Maria Bamford named her most recent comedy album “Unwanted Thoughts Syndrome” for a good reason: she suffers from it. But it also feeds her stand-up routines.
“I was about 10 years old and I stopped being able to sleep at night because I had these intense obsessions or fears that I was going to... usually a fear of doing something violent or sexual or something sort of taboo,” said Bamford, who will perform at 7:30 p.m. Friday at City Arts Center, 3000 General Pershing Blvd at State Fair Park. “It’s kind of like the person who compulsively washes their hands, except you’re trying to wash your thoughts.

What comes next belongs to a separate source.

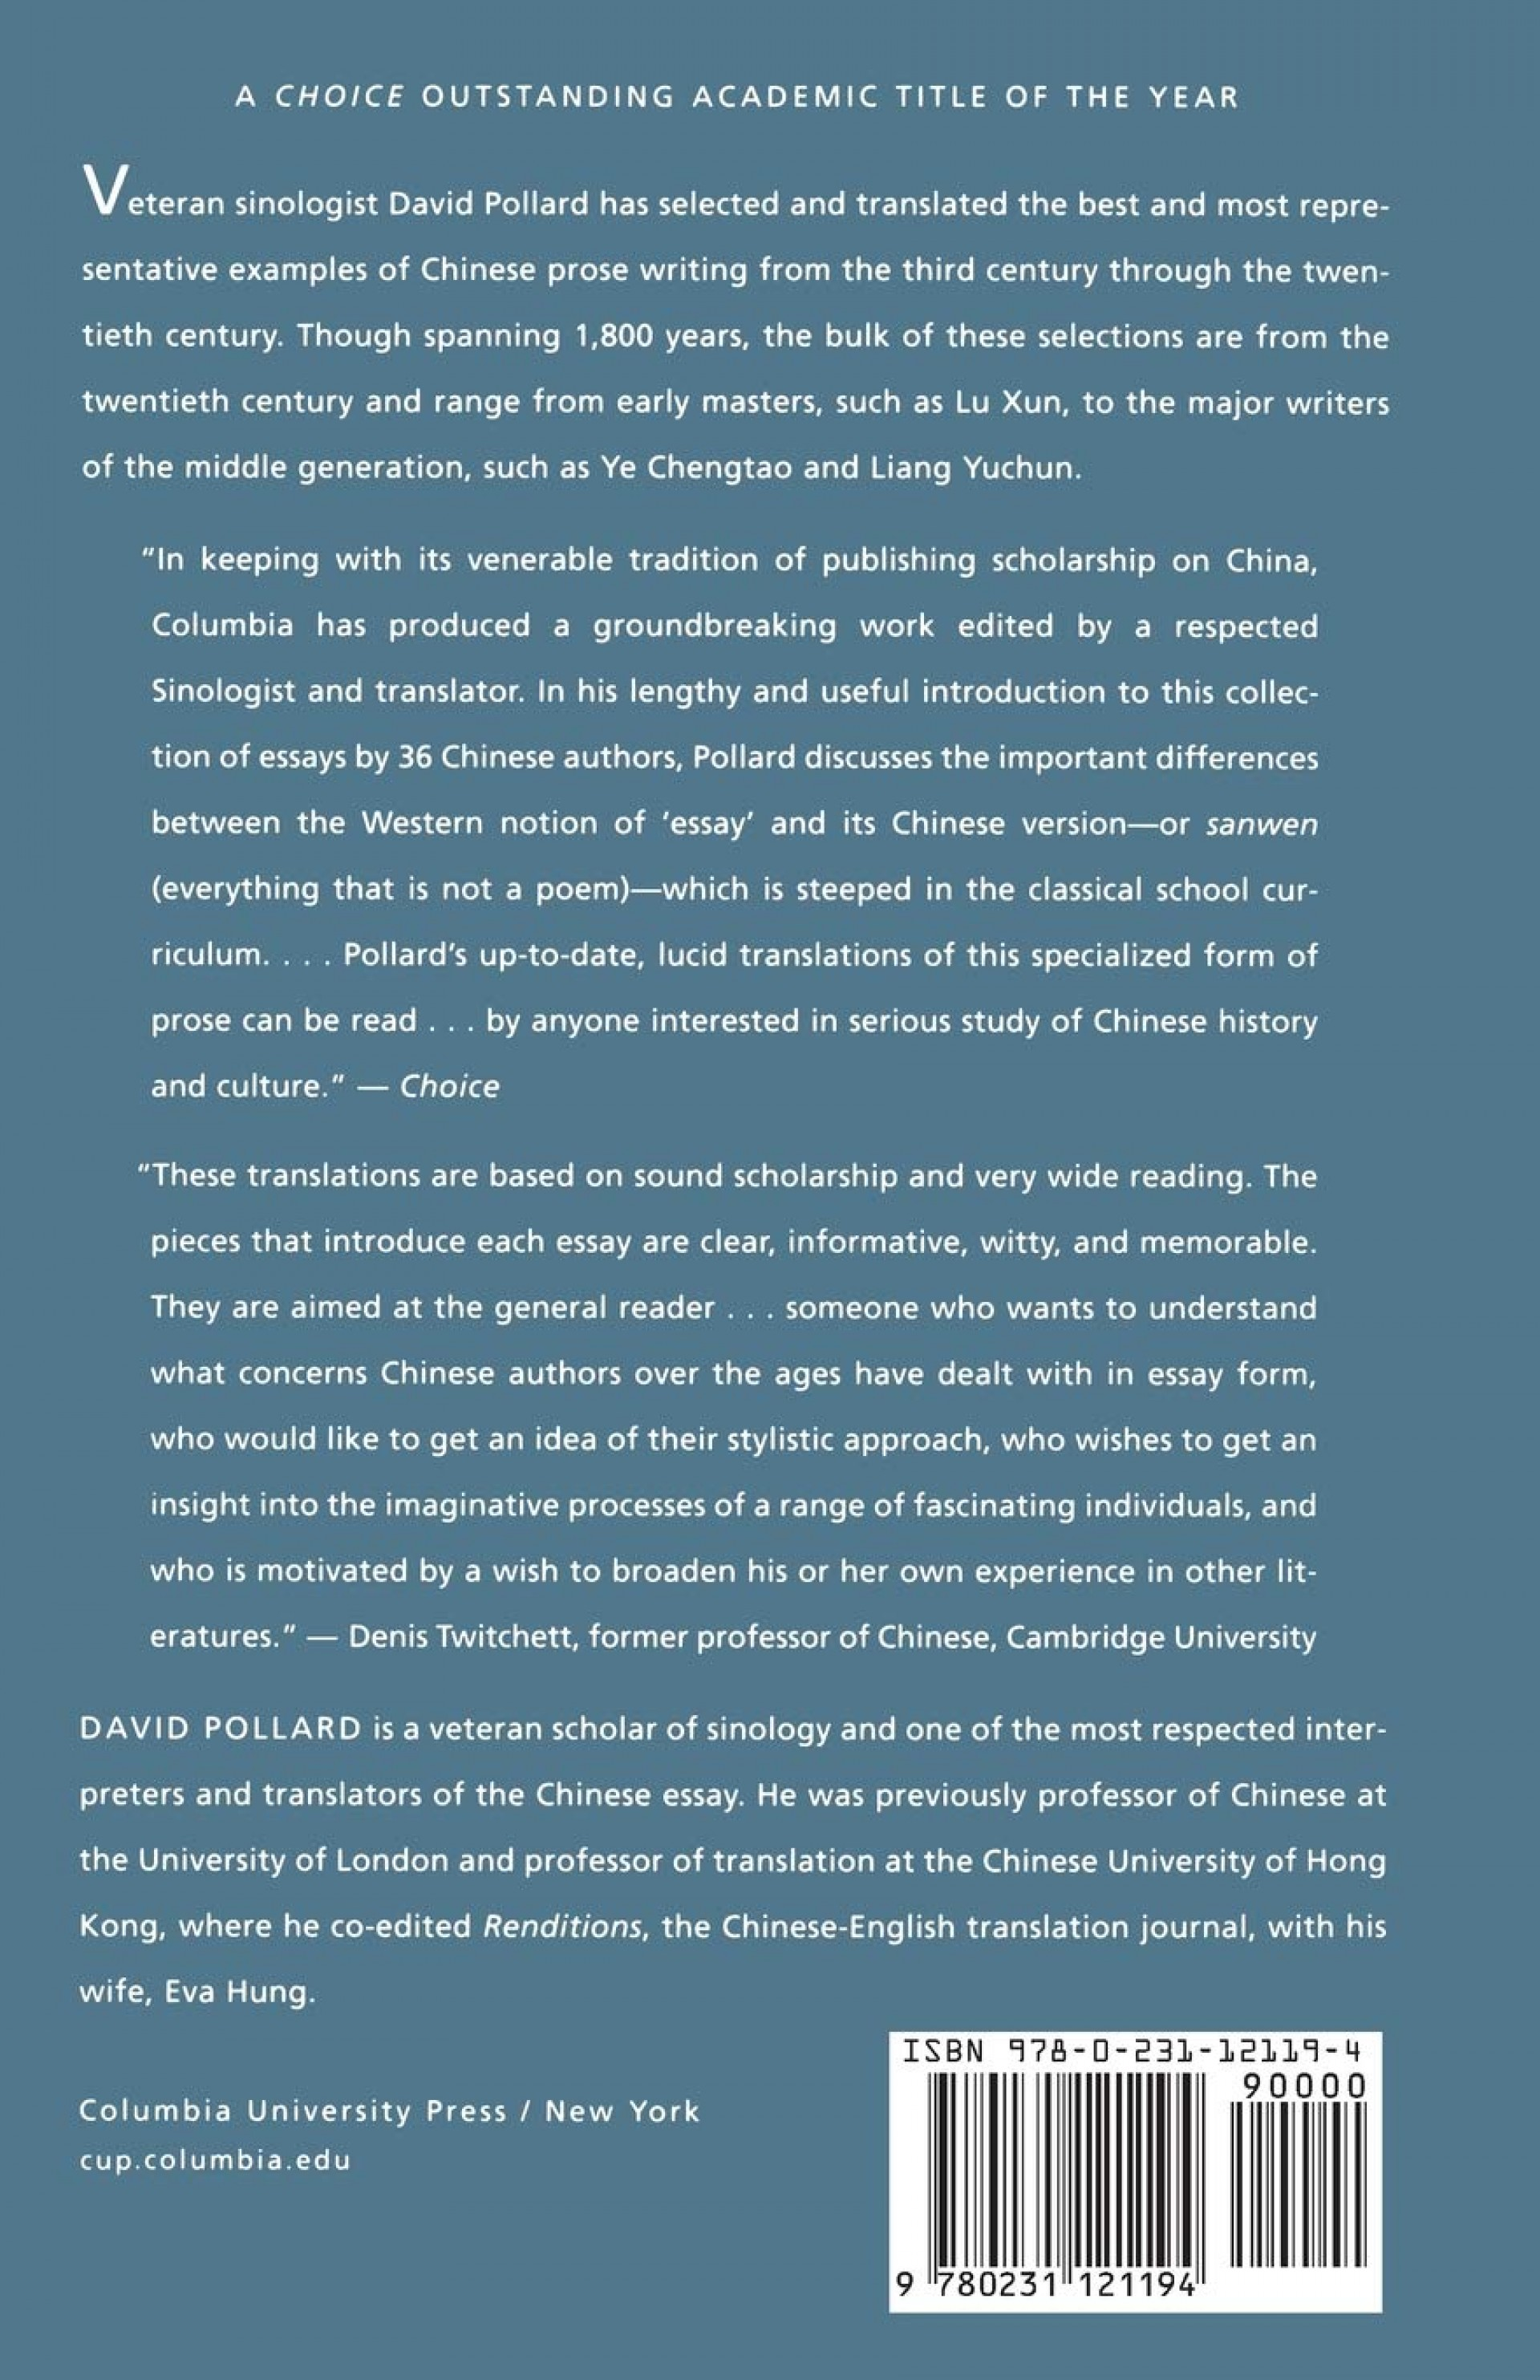 011 Essay Example Chinese Amazing Art Topics Vce Formats Sheet 1920

Like you go, ‘I’m not going to think about the elephant I just thought of,’ and then your brain won’t let you stop thinking about it.’”
Bamford originally dealt with the condition by squeezing her fists together or avoiding contact, she said, but then when she would have an incident, she often found that time had a way of bringing out the humor in bizarre events.
"Whenever there’s something painful in your life, something you think a lot about, and you get some distance from it, it sometimes becomes funny,” said Bamford, 40. “Like when you lose your temper with somebody at 7 Eleven, telling them you need more crushed ice until you get arrested and you’re in the cop car and you go, ‘Well, that was dumb,’ that becomes a good story.”
These days, Bamford is filled with such good stories and comes armed with an amazing array of voices that bring them to life during her performances. Her voice characterizations can turn on a dime, going from a demented baby voice to Alicia Keys from zero to 60. Ridiculous family arguments about politics and religion provide the fuel for her bizarre but realistic bits about her mother, and Bamford precisely executes her mom’s Minnesota accent.